3 Enterprise Requirements Where Data Prep with Excel is Less Than Stellar Background

3 Enterprise Requirements Where Data Prep with Excel is Less Than Stellar

October 10, 2017
· 2 min read

Excel has long been the tool for business analysts to perform lightweight data preparation tasks – identifying outliers and errors, aggregating values, and combining data into one spreadsheet for analytics.  However, all too often, business users waste time using Excel to manually profile and process data.

Truth is that Excel is inadequate for enterprise projects that comprise large-scale data sets, involve group collaboration, and require data accuracy in a short amount of time.

Among many, there are 3 areas where Excel’s limitations are – to nicely put it – limiting and too time consuming for data preparation at scale:

1) Interactive with Data Beyond 1 Million Rows: With Excel, data is limited to a million rows.
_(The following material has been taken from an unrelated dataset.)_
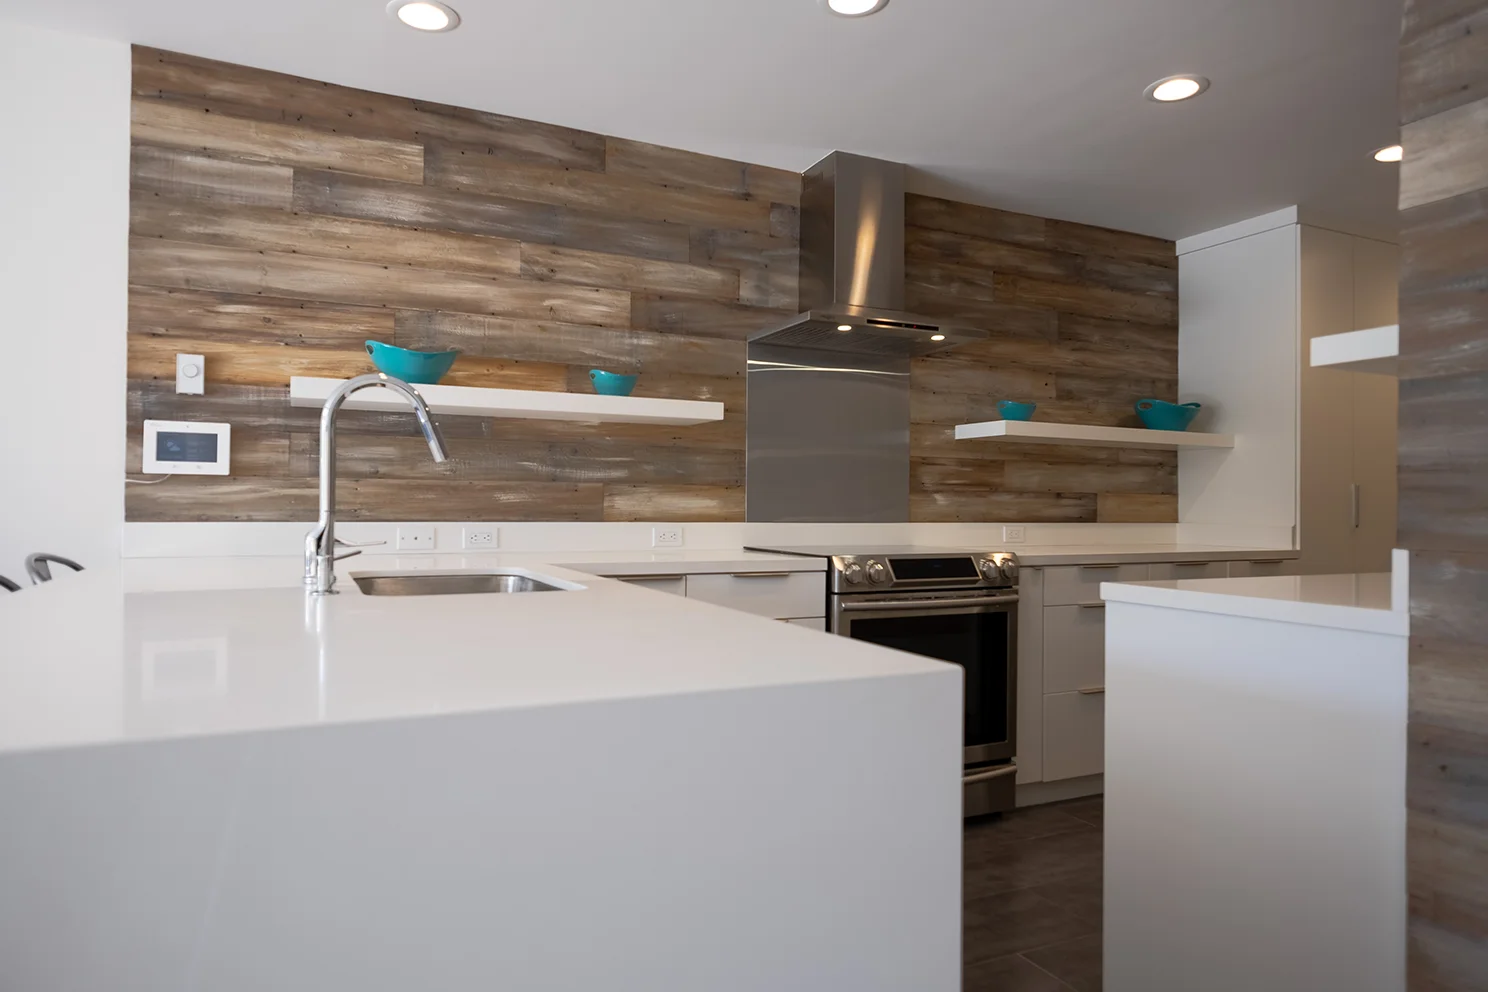 New kitchen featuring breakfast bar with quartz waterfall counter and recycled redwood full height backsplash creates a contemporary rustic feel.

Even with less than that amount, the larger the number of rows, the slower Excel gets and the greater the chance of Excel crashing – and taking all of the user’s changes down with it.

2) Data Profiling: To profile data in Excel, users typically create filters and pivot tables – but problems arise when a column contains thousands of distinct values or when there are duplicates resulting from different spellings. And because Excel filters have no visual representation for each value, the user must switch back and forth between pivot tables and filtered data to get a (partial) understanding of the data.

3) Data Governance and Trust: With Excel, there is no actual audit trail or data lineage. You can’t see the steps taken to cleanse a particular dataset, aside from spending your time making sense out of complex macros. And even with that, you must save every version of Excel and apply comments to mark significant changes.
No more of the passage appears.